Director: Jonathan Frakes

Producers: Tim Bevan, Eric Fellner, Mark Huffman

Written by: William Osborne, Michael McCullers

Cast: Bill Paxton, Sir Ben Kingsley, Anthony Edwards, Brady Corbet, Vanessa Anne Hudgens, Soren Fulton, Sophia Myles, Ron Cook


I know why you’re here. You’ve come to allow your eyes to tear into my evisceration of Thunderbirds, like lean, hungry dogs that have just been granted a flank of mutton. And truly, I hate to disappoint, as gleefully savage reviews of films that would make the blind weep blood (see New York Minute, Highwaymen, White Chicks) have become something of my disdainful hallmark as a contributor for this modest web magazine, but, shockingly, Thunderbirds is not the worst thing I’ve seen. Not ever, not even this year. Not by the wingspan of a large and futuristic rescue ship. Thunderbirds may indeed be a remake (or reimagining, or whatever “they” call them these days) of a beloved 1960s British television series starring puppets, which automatically deigns that any rabid (and probably overweight and probably excessively sweaty) fan who enjoyed the show during its original run must sling a certain amount of ire at the property’s new, big-budget conception, as must any faux-hipster purist who wishes to retain membership to the geek-chic club. But really guys, Thunderbirds isn’t all that bad for a kids’ film based on a cult show in which Bill Paxton is a superhero patriarch and Sir Ben Kingsley is once again cast as an East Indian, wears a burgundy robe emblazoned with a dragon, and comically spins around like a bald cyclone. In fact, it’s probably the best film in that genre to date.
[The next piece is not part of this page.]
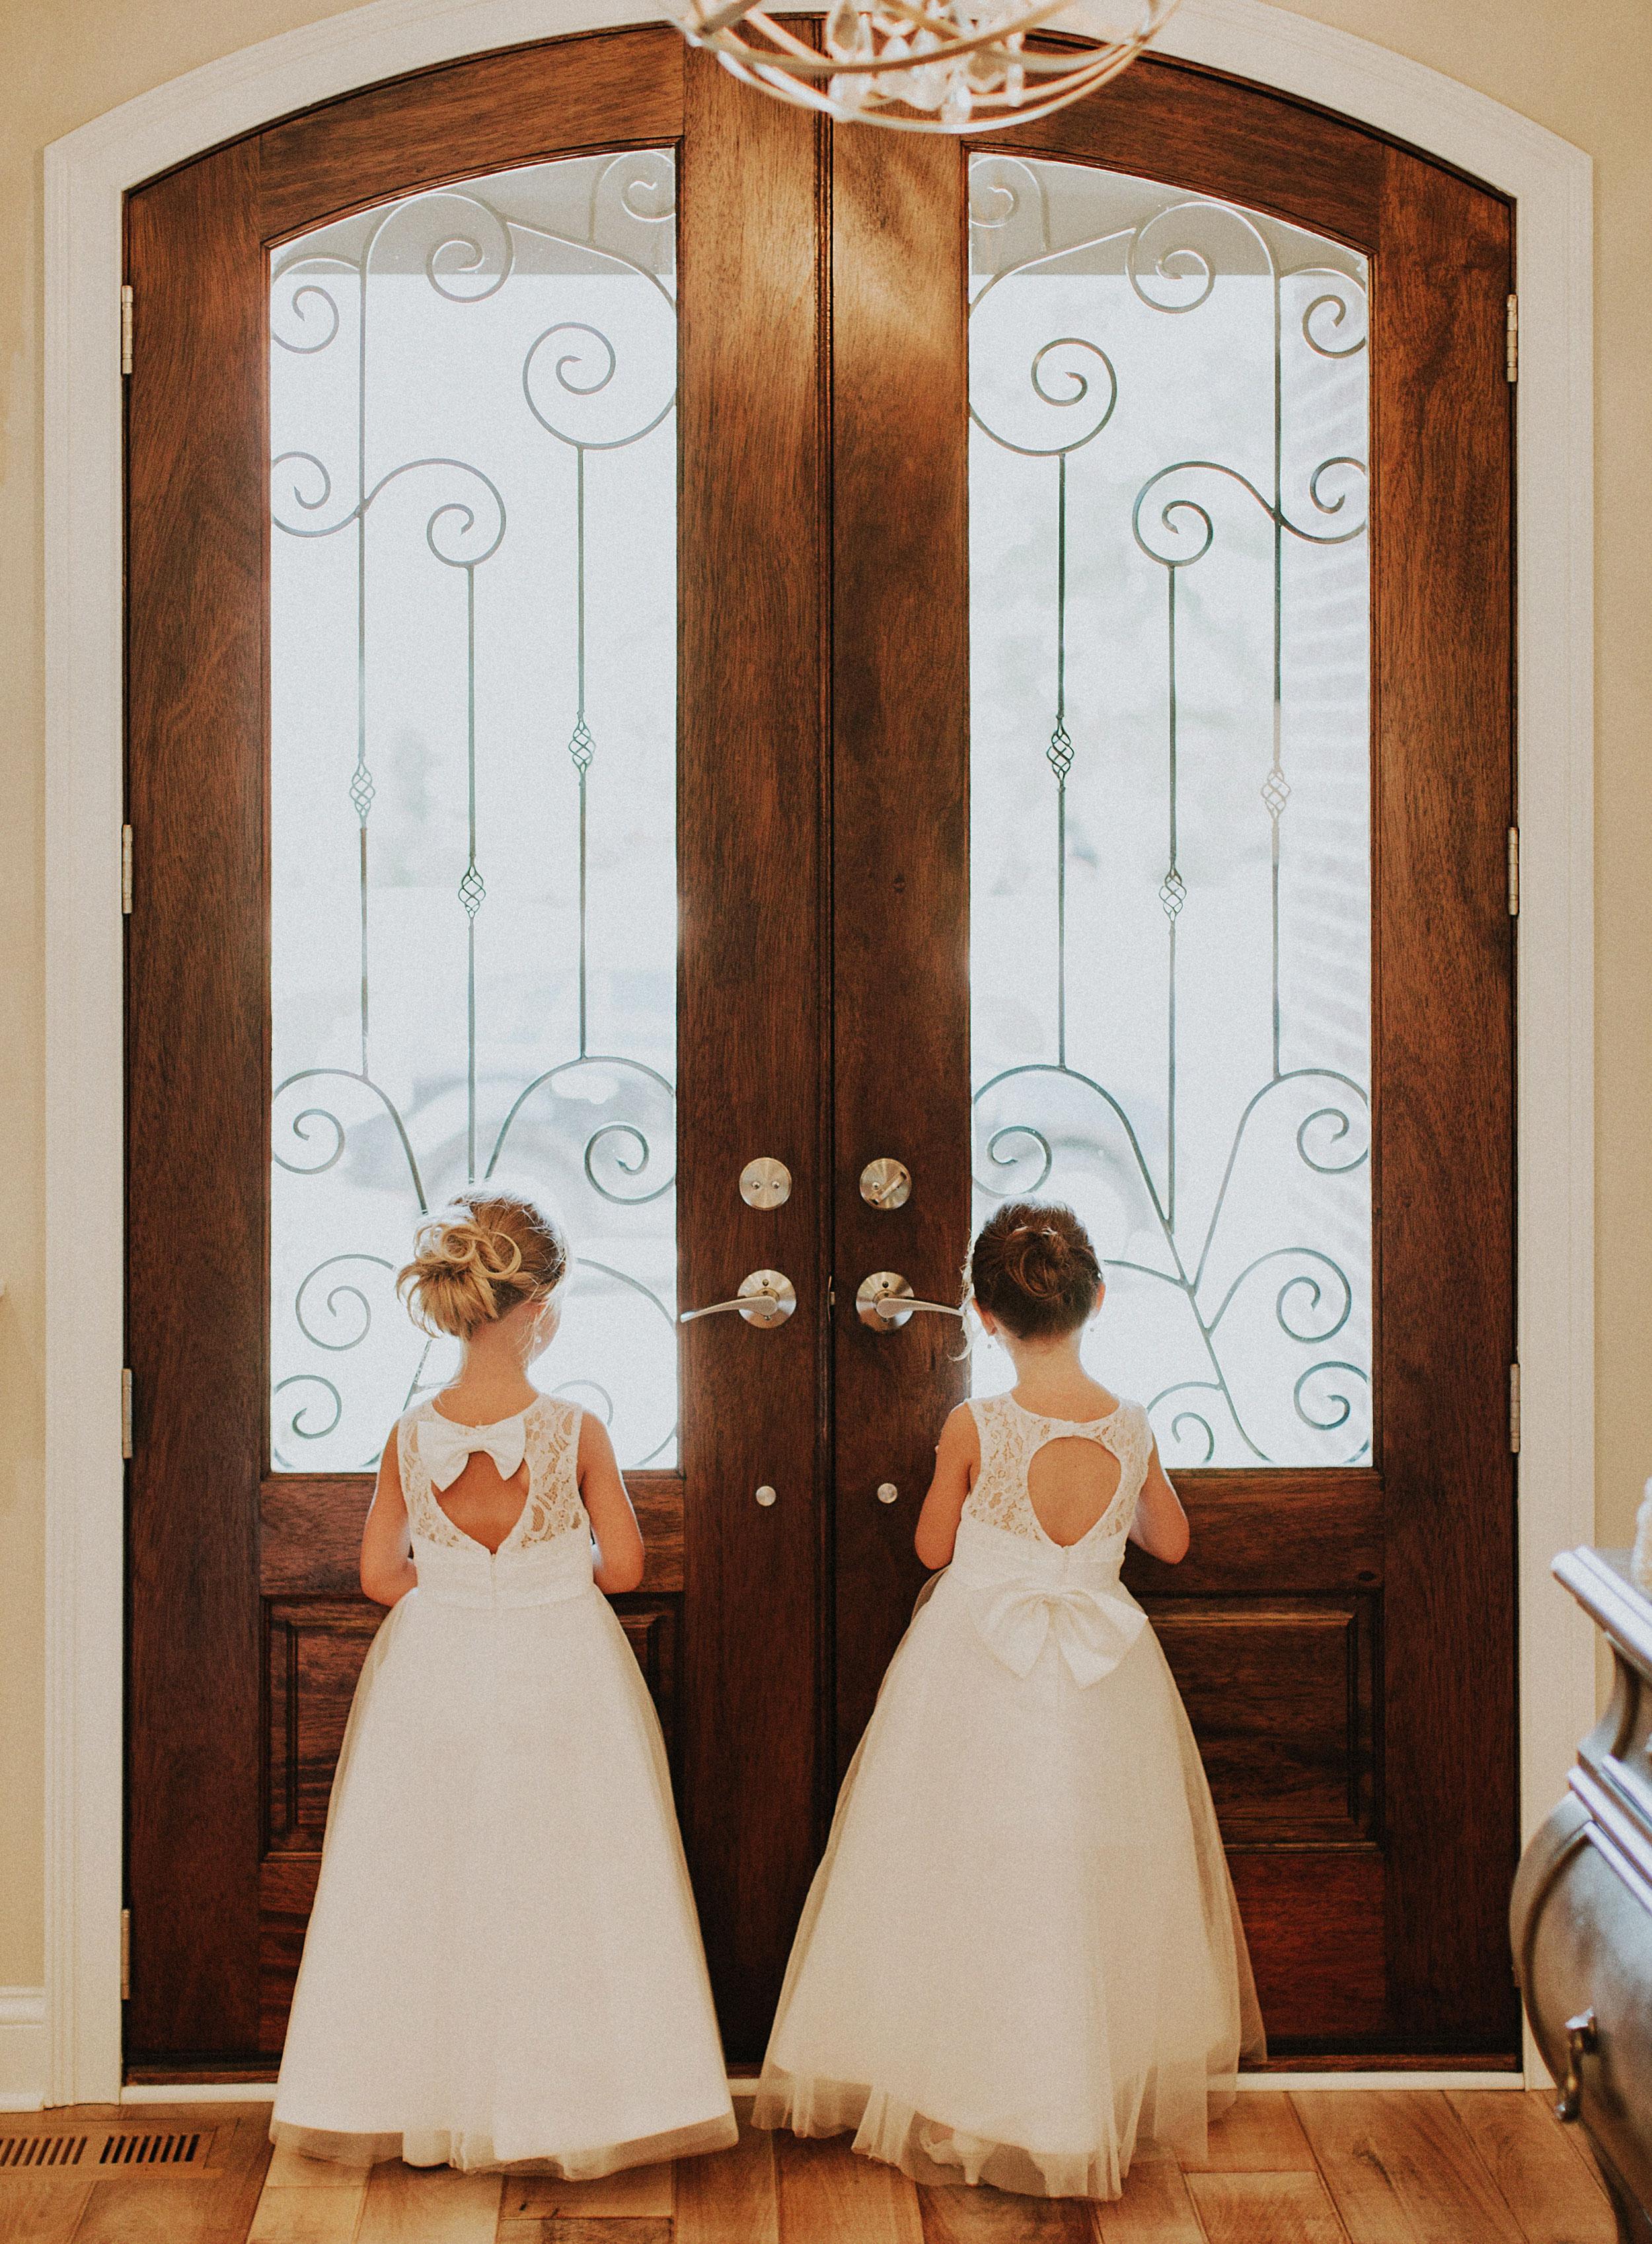 olmsted-wedding-louisville-kentucky-014.JPG

Jeff Tracy (Paxton) is the father of five frosted-blonde, Abercrombie-styled sons, each more aesthetically stomach-churning than the last. But, instead of scoring pussy, smoking dope, and stuffing geeks into lockers, as most good-looking young Caucasian males do, the Tracy males devote their lives to saving innocent people from burning oil refineries, natural disasters, collapsing monorails, etc. Jeff Tracy, you see, is an ex-astronaut and billionaire, and instead of erecting a 900-foot golden colossus of himself (as I would do if I were a billionaire), he manufactures a small fleet of technologically magnificent rescue ships called “Thunderbirds” and purchases a tropical island upon which he builds the somehow-undetectable headquarters/living quarters of his comrades/family. The youngest member of the Tracy family, Alan (Corbet), is frustrated because Jeff will not yet allow him to become a member of the Thunderbirds, and along with his friends Fermat (Fulton) the geek, and Tintin (Hudgens), his underage love interest, is consigned to watching the Thunderbirds do their rescuin’ on TV with the rest of the world. Enter The Hood (Kingsley, whose costume bears an uncanny resemblance to Raul Julia’s circa the lovably unholy Street Fighter: The Movie), who quite easily discovers the location of Tracy Island, strands the active Thunderbirds in space on a satellite which is quickly running out of air, and aims to take control of Thunderbird 2 (the big green ship for those in the know) to nefariously use as a bank-robbing vehicle, while the entire world watches in horror, thinking that their heroes, the Thunderbirds, are to blame! Gasp!!! Also, The Hood was born with the magical ability of making his pupils turn into vertical slits (no vagina jokes, please), allowing him to control people’s minds, as well as spinning like the aforementioned bald cyclone. And only Alan, Fermat, and Tintin, along with Fermat’s stuttering, dorky dad (Edwards), super-sexy British secret agent, Lady Penelope (Myles, whom every adult audience member, regardless of gender or sexual orientation, will wish was granted a nude scene) and her manservant, Parker (Cook), can save the world from having a couple of its banks robbed (oh, and save the other Thunderbirds, too, although they’re all so ugly I wish they’d just die). Along the way, the kids learn harsh and valuable lessons about friendship, responsibility, and awkward-but-necessary sexual tension.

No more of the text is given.